The size of metricArray in bytes, and returns the number of bytes written to metricArray
metricArray
Returns the IDs of the metrics for the device
Returns

  • CUPTI_SUCCESS

  • CUPTI_ERROR_NOT_INITIALIZED

  • CUPTI_ERROR_INVALID_DEVICE

  • CUPTI_ERROR_INVALID_PARAMETER

    if arraySizeBytes or metricArray are NULL

Description

Returns the metric IDs in metricArray for a device. The size of the metricArray buffer is given by *arraySizeBytes. The size of the metricArray buffer must be at least numMetrics * sizeof(CUpti_MetricID) or else all metric IDs will not be returned. The value returned in *arraySizeBytes contains the number of bytes returned in metricArray.

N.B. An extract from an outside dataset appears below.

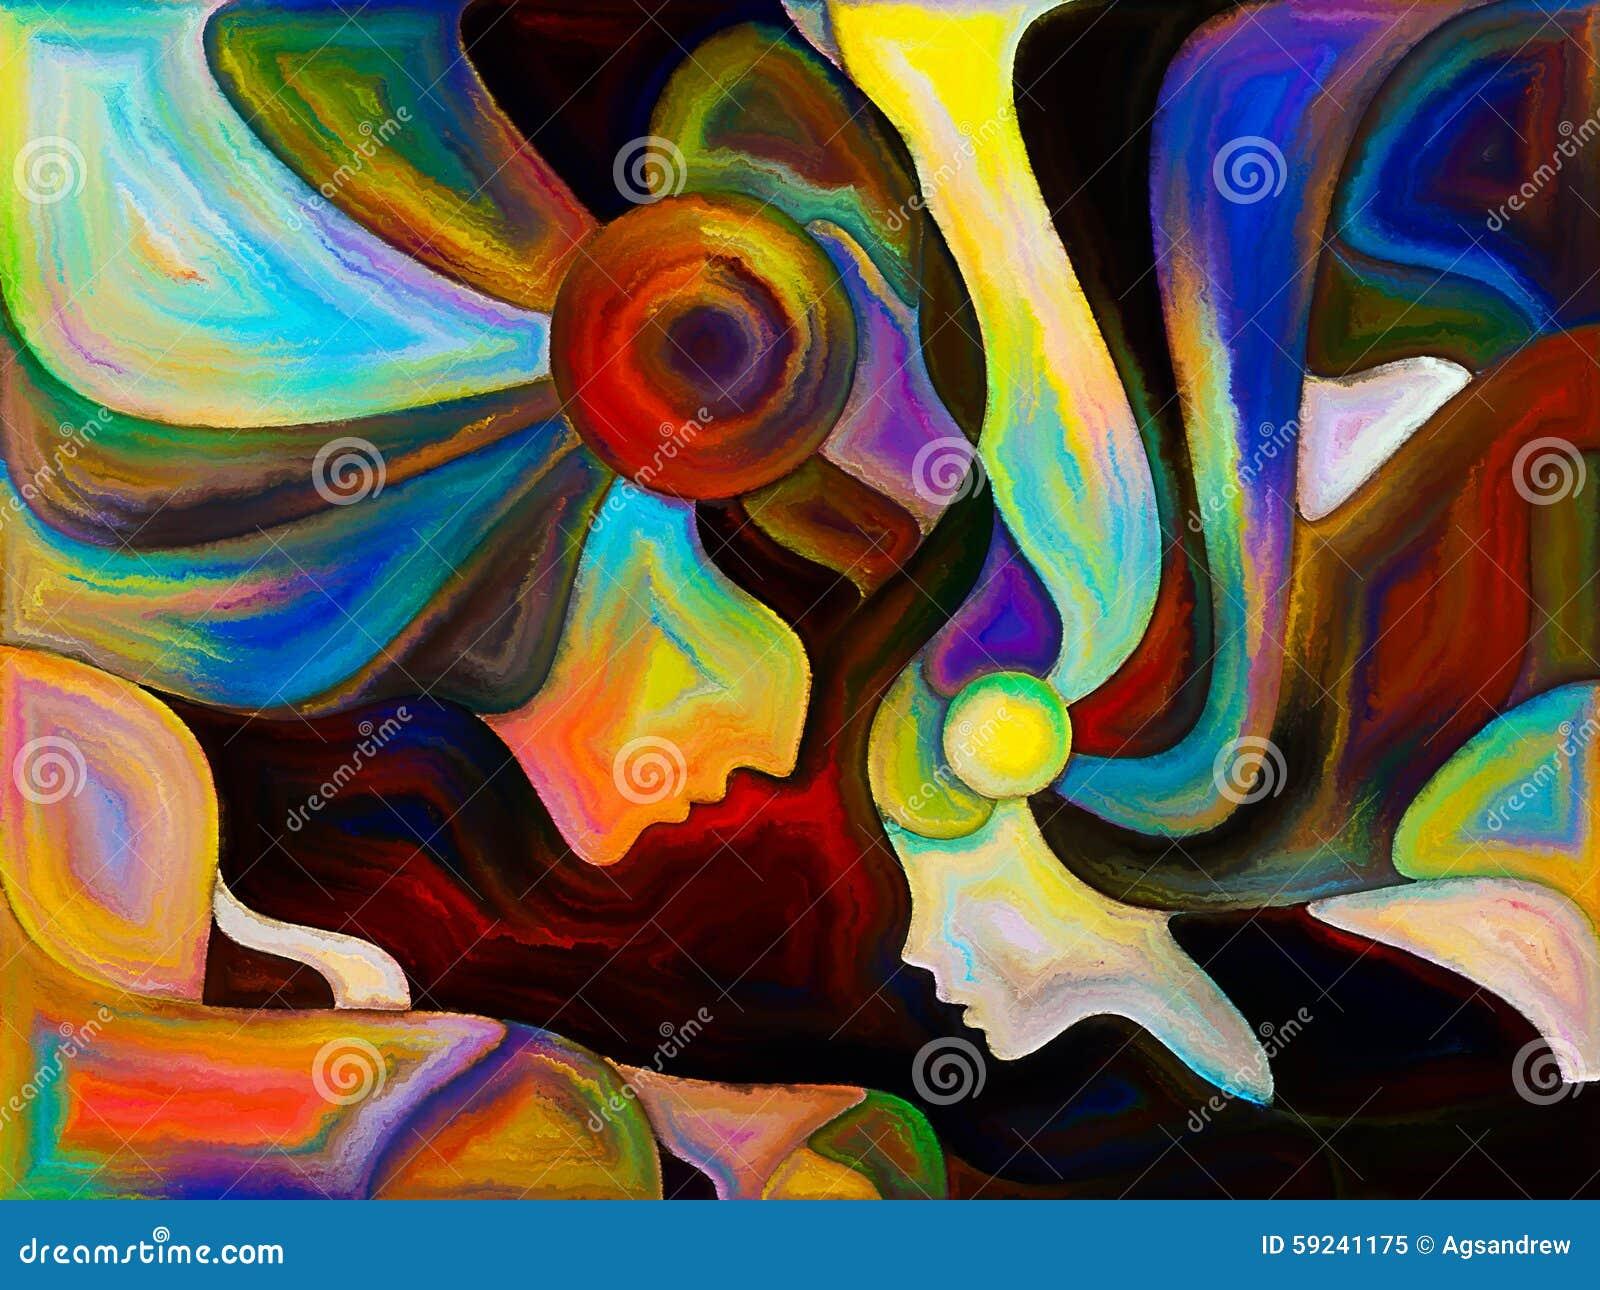 Download Ángeles del color stock de ilustración. Ilustración de shape - 59241175

CUptiResult cuptiDeviceGetNumMetrics ( CUdevice device, uint32_t* numMetrics )
Get the number of metrics for a device.
Parameters
device
The CUDA device
numMetrics
Returns the number of metrics available for the device
Returns

  • CUPTI_SUCCESS

  • CUPTI_ERROR_NOT_INITIALIZED

  • CUPTI_ERROR_INVALID_DEVICE

  • CUPTI_ERROR_INVALID_PARAMETER

    if numMetrics is NULL

Description

Returns the number of metrics available for a device.

CUptiResult cuptiEnumMetrics ( size_t* arraySizeBytes, CUpti_MetricID* metricArray )
Get all the metrics available on any device.
Parameters
arraySizeBytes
The size of metricArray in bytes, and returns the number of bytes written to metricArray
metricArray
Returns the IDs of the metrics
Returns

  • CUPTI_SUCCESS

  • CUPTI_ERROR_INVALID_PARAMETER

    if arraySizeBytes or metricArray are NULL

Description

Returns the metric IDs in metricArray for all CUDA-capable devices. The size of the metricArray buffer is given by *arraySizeBytes. The size of the metricArray buffer must be at least numMetrics * sizeof(CUpti_MetricID) or all metric IDs will not be returned. The value returned in *arraySizeBytes contains the number of bytes returned in metricArray.

CUptiResult cuptiGetNumMetrics ( uint32_t* numMetrics )
Get the total number of metrics available on any device.
Parameters
numMetrics
Returns the number of metrics
Returns

  • CUPTI_SUCCESS

  • CUPTI_ERROR_INVALID_PARAMETER

    if numMetrics is NULL

Description

Returns the total number of metrics available on any CUDA-capable devices.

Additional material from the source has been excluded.